That is usually the "cleaner" approach. <g>.  Yes I agree that it
creates its' own share of problems, mainly that one cannot easily do
ad-hoc browse/searches based on the key.  So secondary indexes become
critical to support any ad-hoc user searches.

ED>Trying to relate multiple old datasets, without the "unique keys"
is
  >next to impossible.

Using ANY method of generating keys, the above is next to impossible
<g>.

ED>I think everyone is agreed that using SSN's is the best solution -
but
  >what if the person doesn't have a SSN?

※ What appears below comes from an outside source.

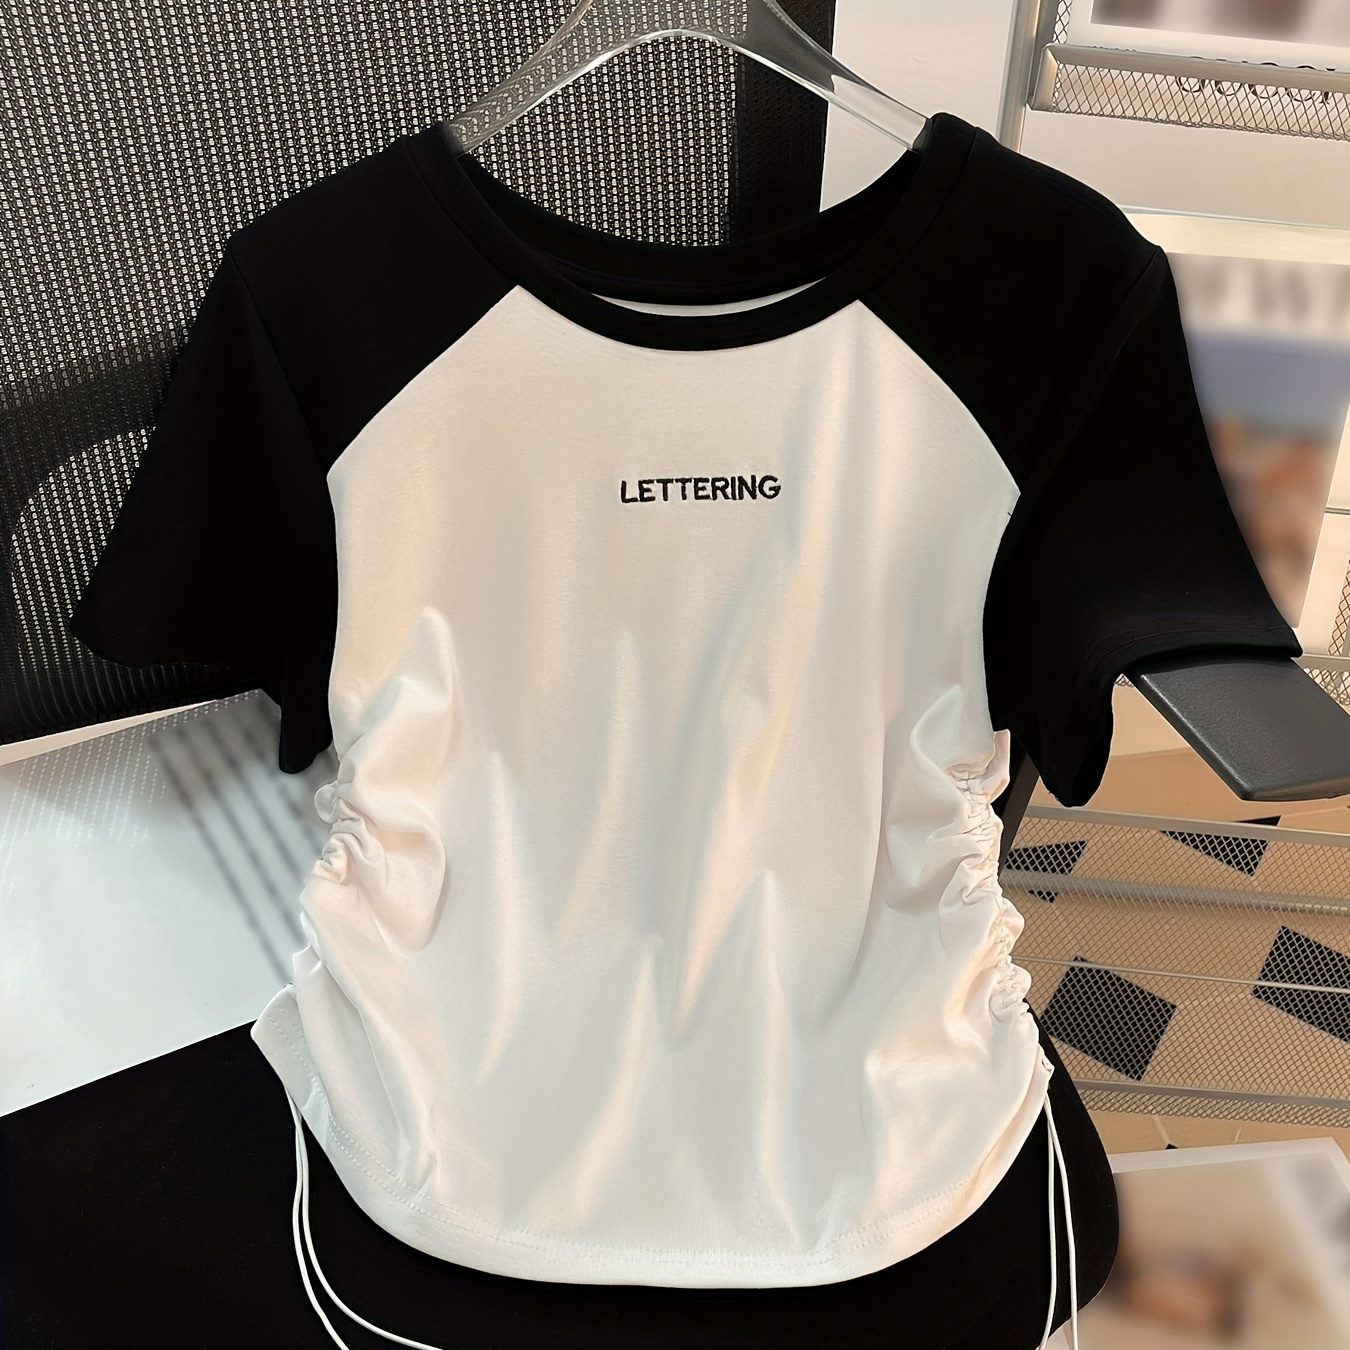 

Letter Print Crew Neck T-shirt, Casual Color Block Drawstring Raglan Sleeve Top For Spring & Summer, Women's Clothing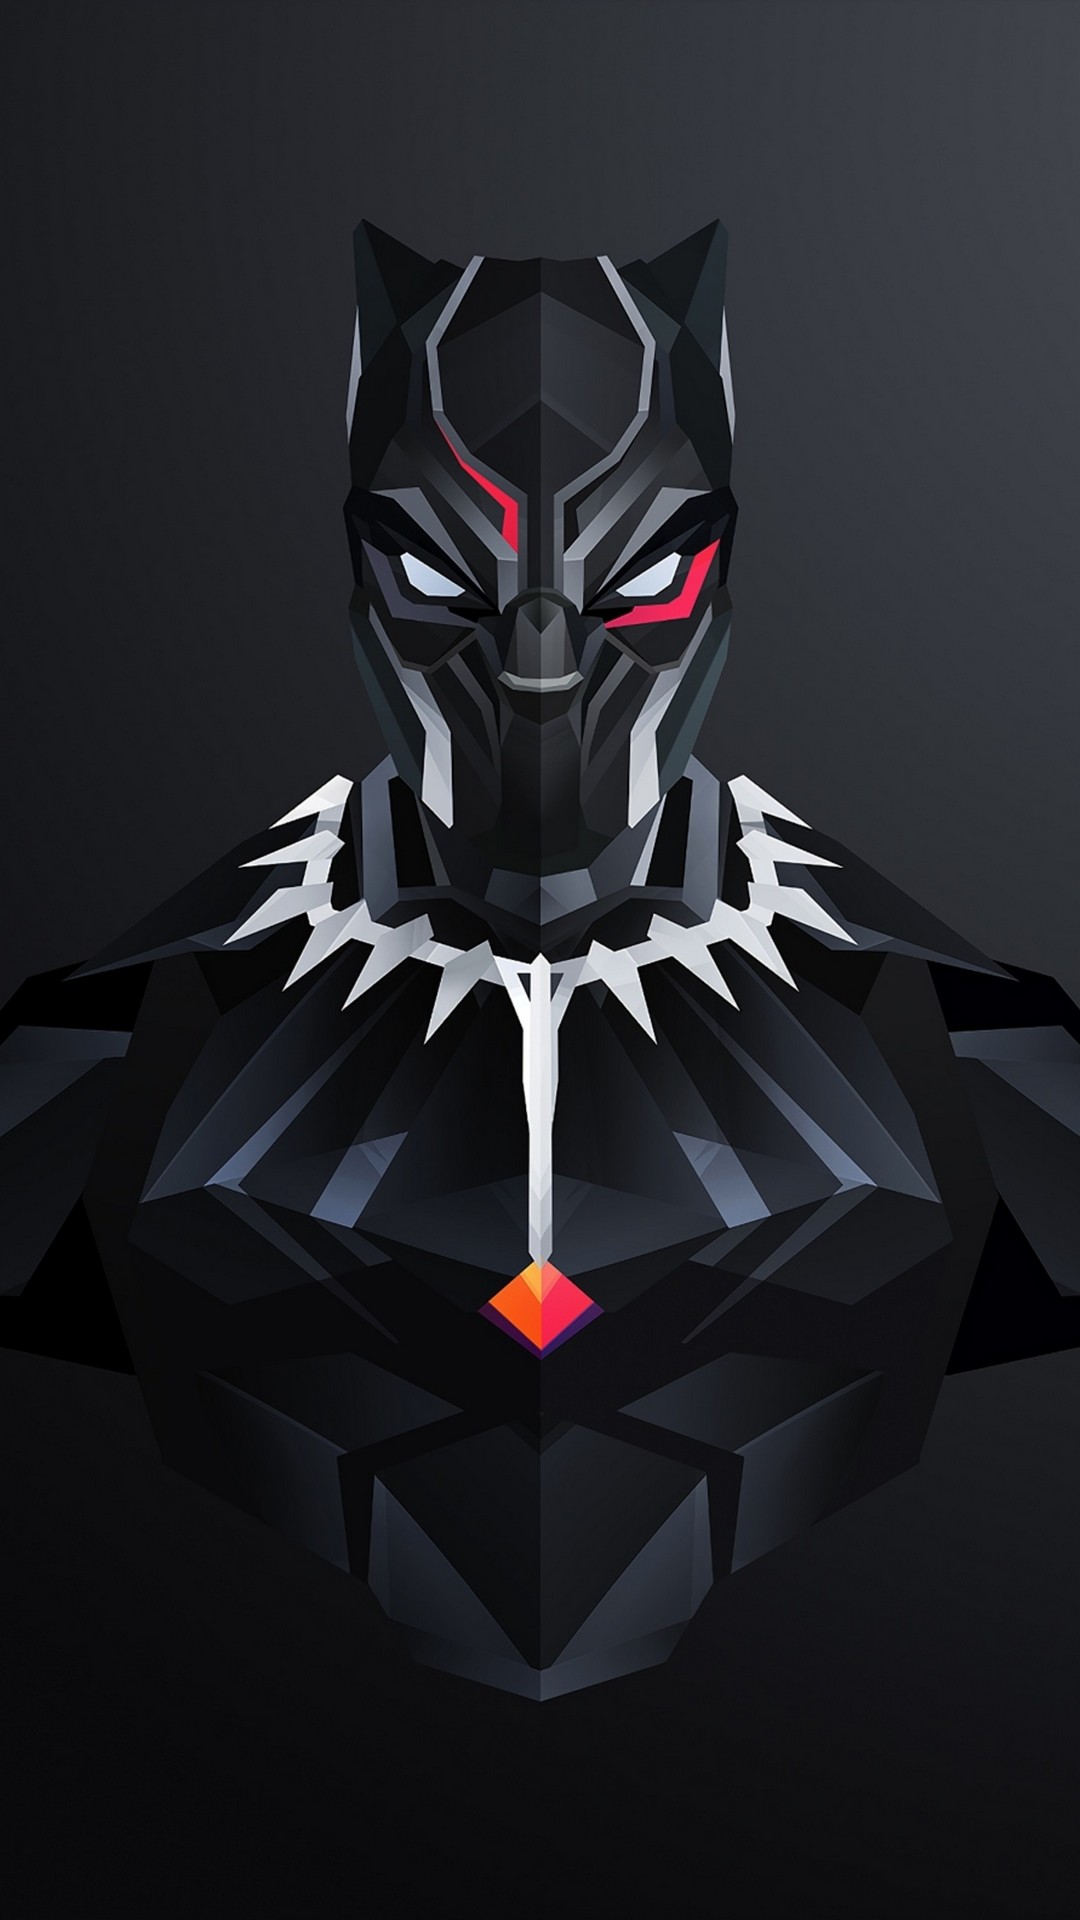 Android Wallpaper HD Black Panther With high-resolution 1080X1920 pixel. You can use this wallpaper for your Android backgrounds, Tablet, Samsung Screensavers, Mobile Phone Lock Screen and another Smartphones device

How about combining the two approaches.  Maybe a concatenated key
consisting of two fields.  The first field specifies whether the key a
derived from the SSN or is a computer-generated serial number.  Then
use a SSN if you have it in the second field, or generate a unique
serialized number if you don't?

regards,

    robert
===




 From:  MIKE NELSON               Sent: 06-16-92 16:08
   To:  ANGUS SCOTT-FLEMING       Rcvd: -NO-
   Re:  (R)HOW TO MAKE A UNIQUE

In a message to George Jereza <06-15-92 06:15> Angus Scott-Fleming
wrote:

AS>  GJ > illegal to ask for social security numbers?  ... or... is
that
AS>  just in
AS>  GJ > California?  Thanks in advance.
AS>

Au contraire on the driver's licenses... At least one state uses the
SSAN with an alpha character in front of it as the driver's license
number.

Credit grantors may ASK for the SSAN but you are under NO obligation to
provide it.

By the same token, if you are writing a database program that stores
SSANs, be prepared to change the field... The Soc. Sec. Admin. is
running out of numbers and they have declared that they will NOT reuse
the number of anyone who is deceased.  As far as I know, they have not
decided whether to add another digit or whether to insert alphas.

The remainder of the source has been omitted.